Network processing requirements

Part 1

Not all network devices have the same processing requirements. However, a lot of similarities exist. As an example, I will roughly describe the packet processing duties of a router and a web switch. These core, time-critical duties are also called data plane tasks.

Routers are the workhorses of the Internet. A router accepts packets from one of several network interfaces, and either drops them or sends them out through one or more of its other interfaces. Packets may traverse a dozen or more routers as they make their way across the Internet. Here is a simplified version of the IP routing algorithm:

Remove the link layer header
Find the destination IP address in the IP header
Do a table lookup to determine the IP address of the next hop
Determine link layer address of the next hop
Add link layer header to packet
Queue packet for sending
Send or drop packet (if link is congested)

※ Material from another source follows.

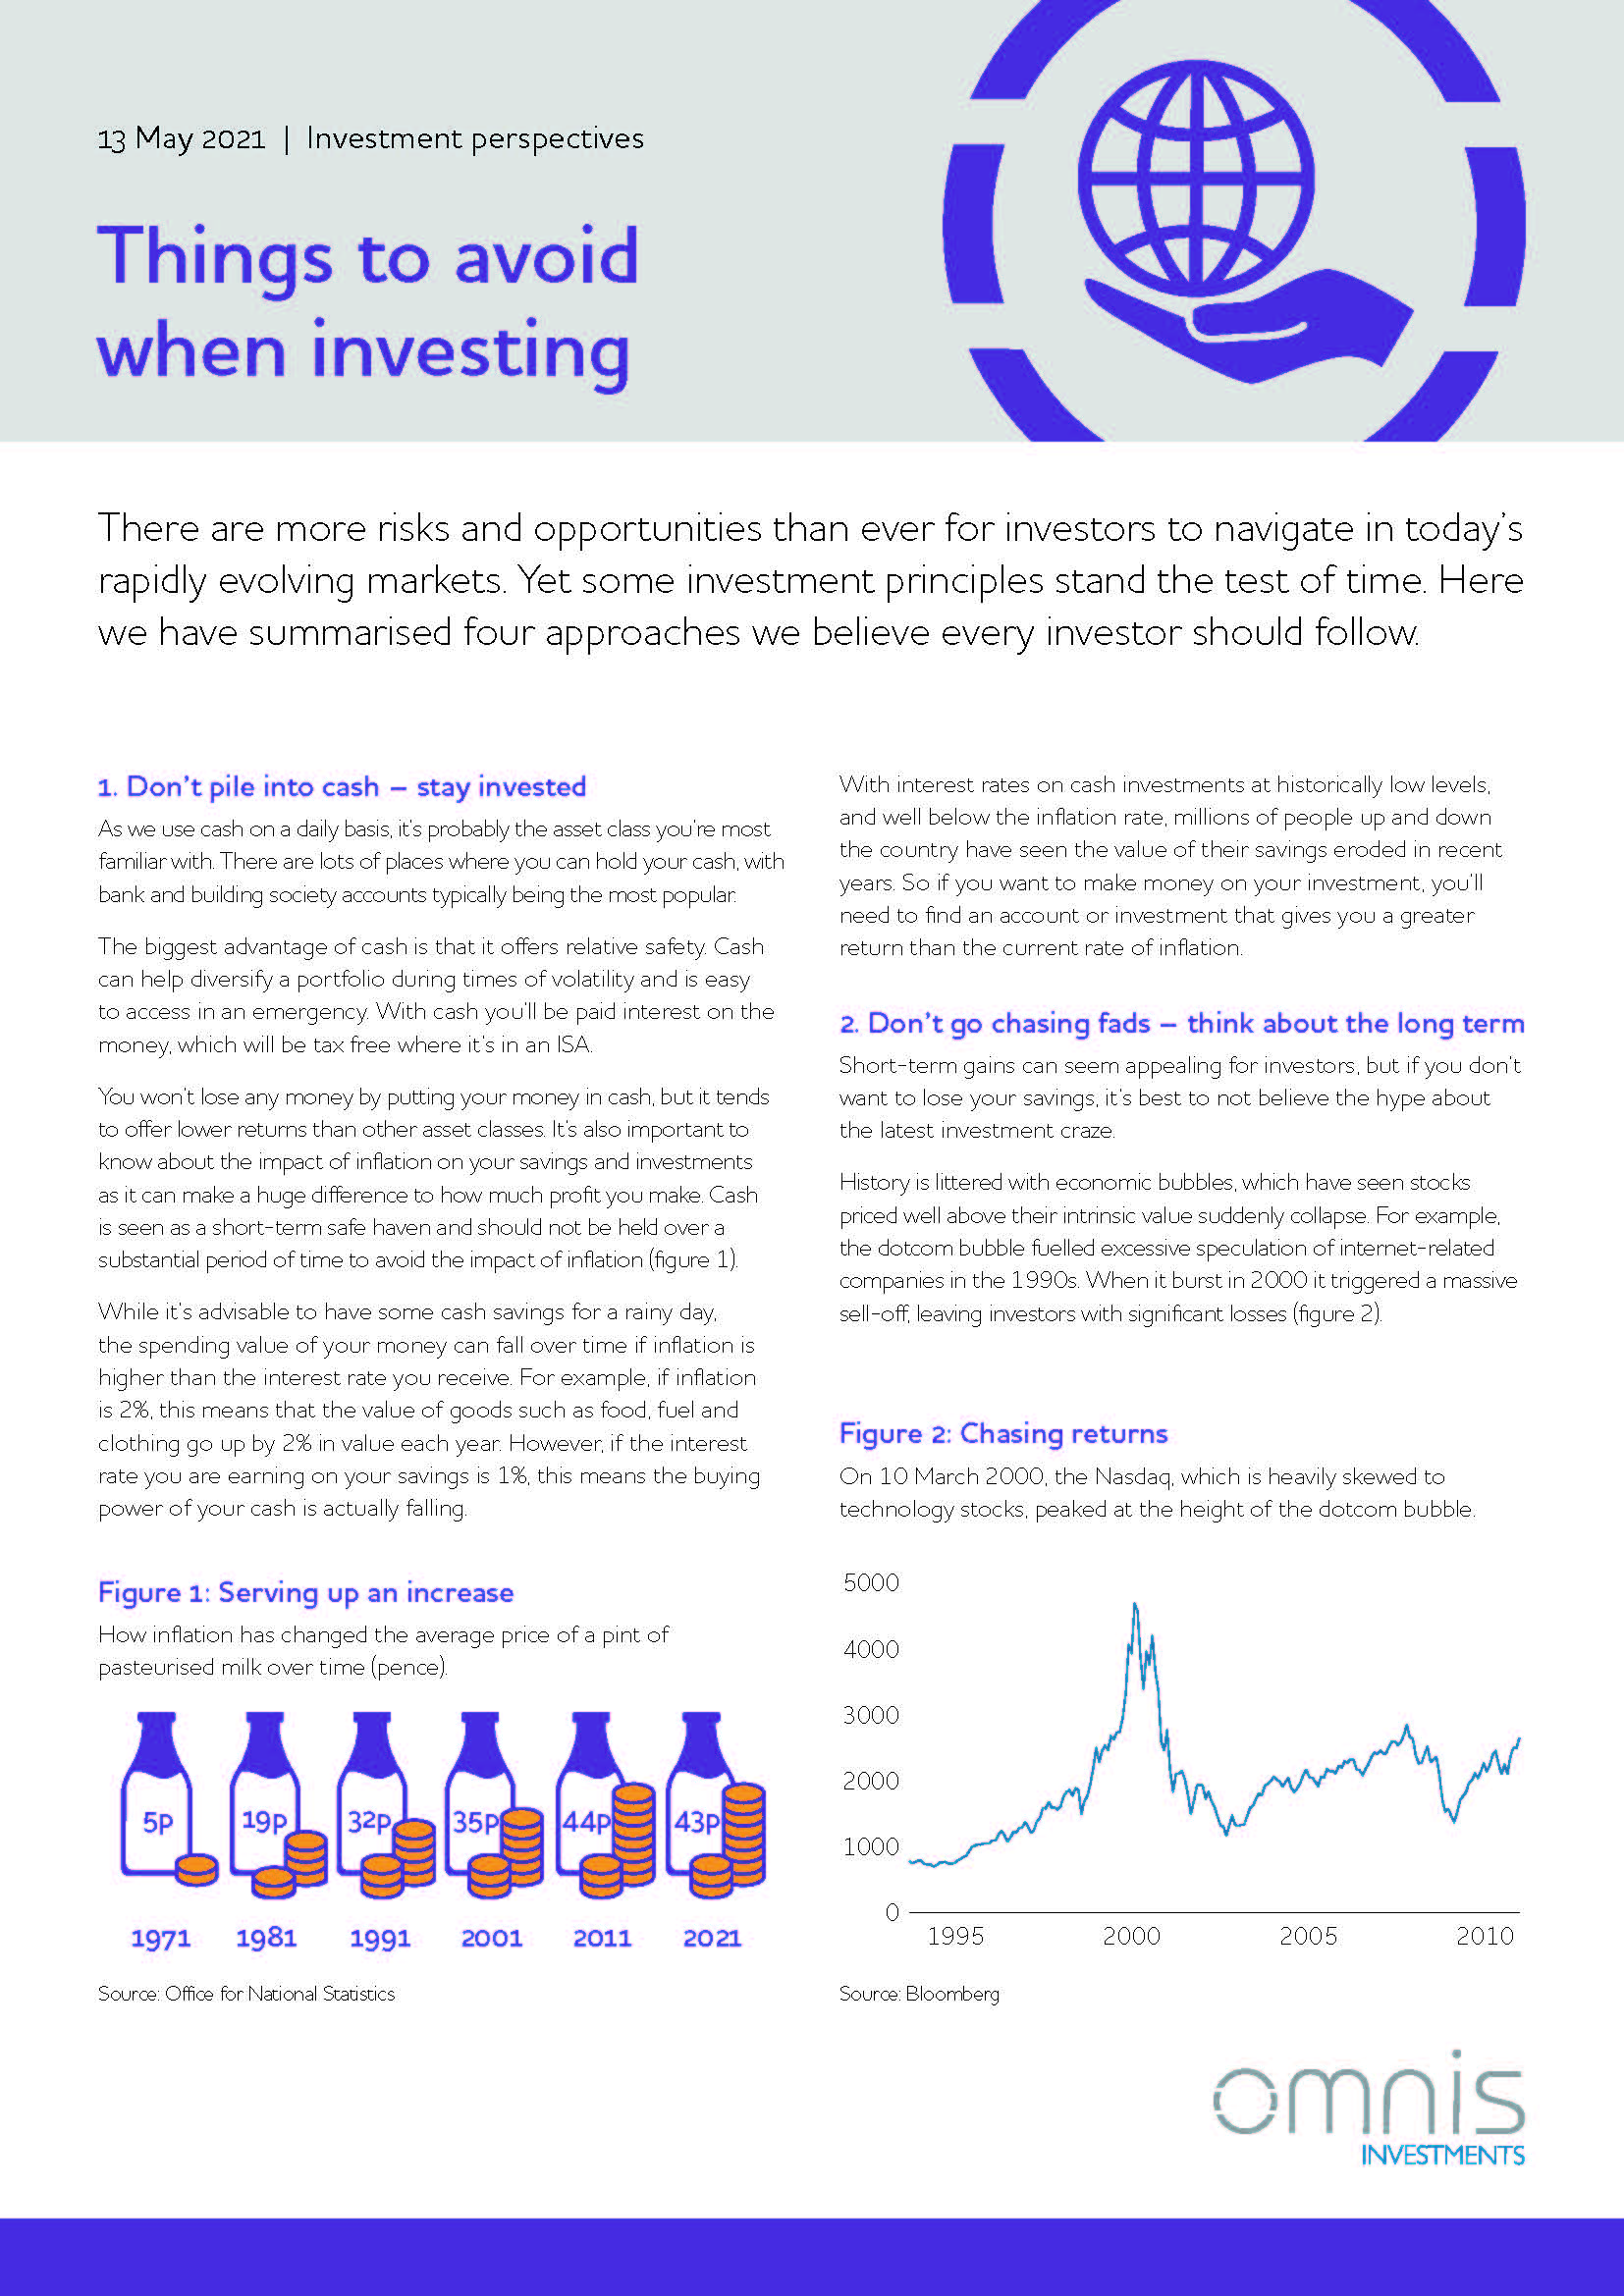 Pages from Omnis-Investment-Perspectives-Things-to-avoid-when-investing-13-May-2021.jpg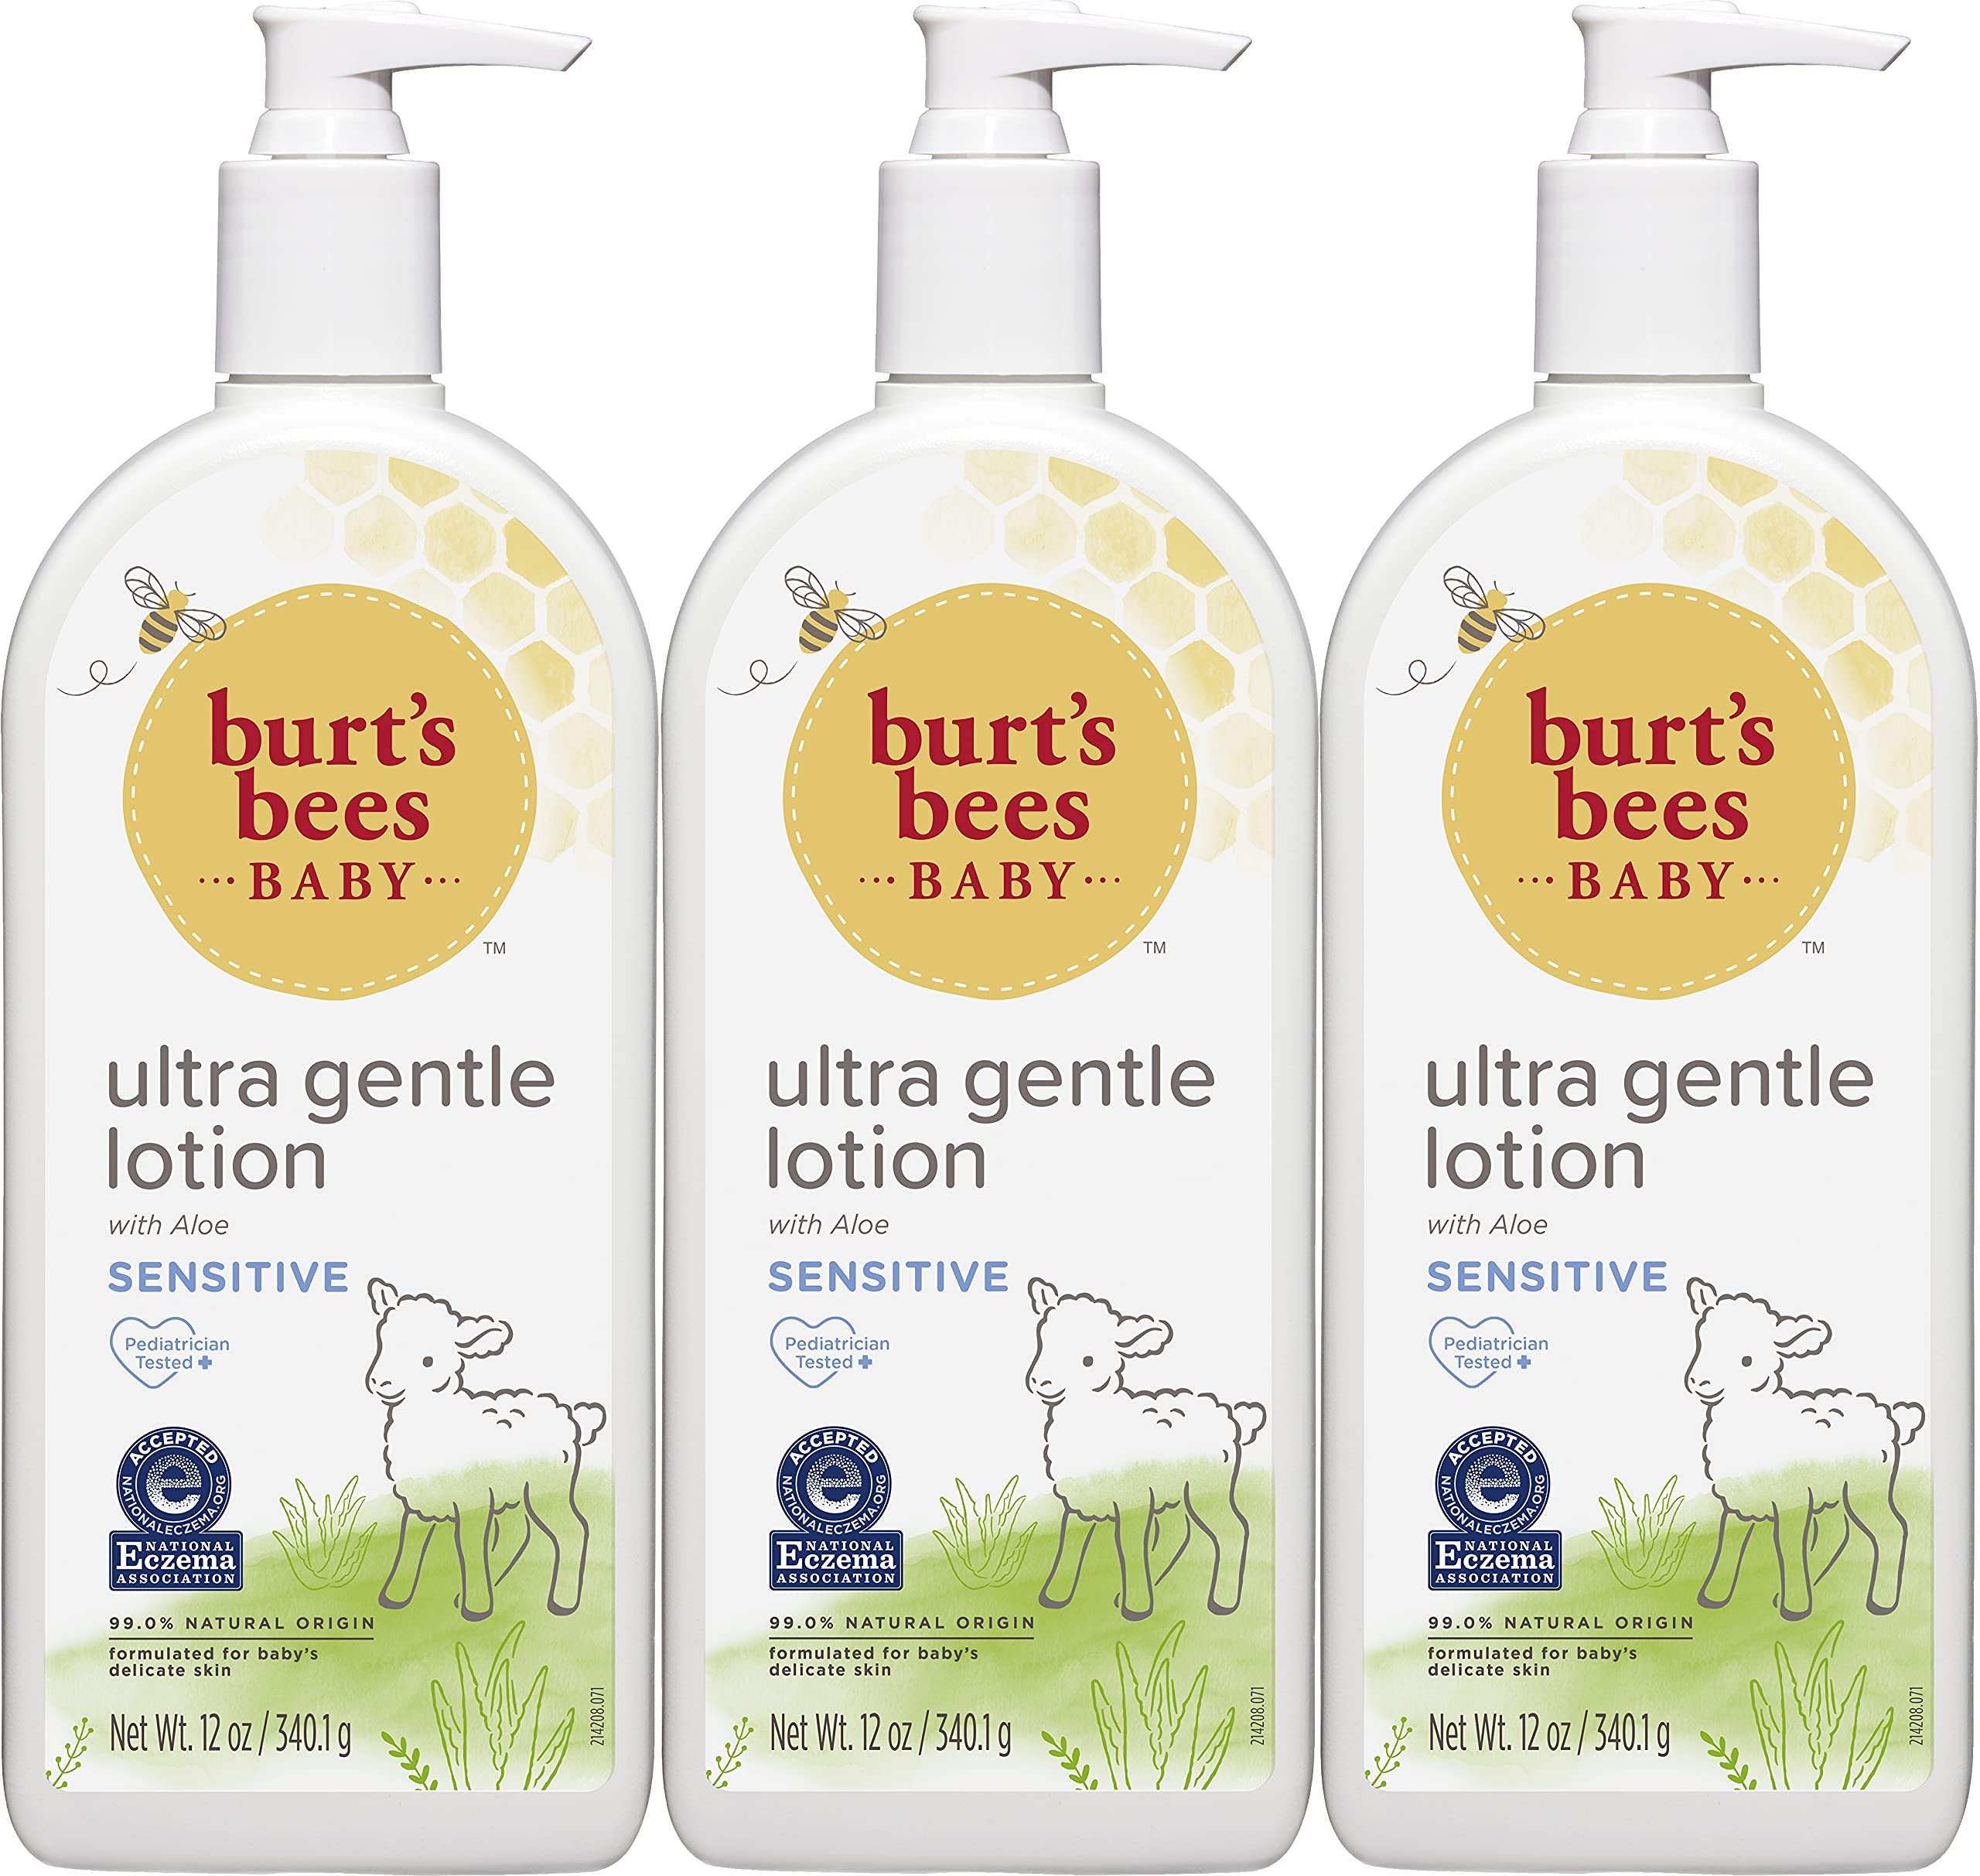 Burt's Bees Baby Ultra Gentle Lotion for Sensitive Skin - 12 Ounce (Pack of 3)

Web switches, by contrast, are a new type of network device. They address the problem of trying to increase the responsiveness of a popular Web site by using more than one web server. A web switch can direct incoming HTTP requests to different servers based on a variety of networking parameters, including the URL itself. For instance, all secure HTTP requests could be forwarded to a special web server with cryptographic hardware to accelerate those requests. Here is a simplified web switch algorithm:

Accept incoming TCP connection (three-way handshake)
Buffer incoming TCP data stream (TCP/IP protocol)
Parse the stream to find the URL being requested
Do a table lookup to determine where to forward the request
Open TCP connection with web server (three-way handshake)
Send buffered request (TCP/IP protocol)

Note that, for a given bandwidth, the web switch processing requirements are much higher, and require much more state than the router processing requirements. The difference arises because a router processes packets, but a web switch processes connections.

Part 2

The previous description of the core operations of a router and a web switch were not complete. A major piece was missing. What was it? Device management. How do you configure and control this device?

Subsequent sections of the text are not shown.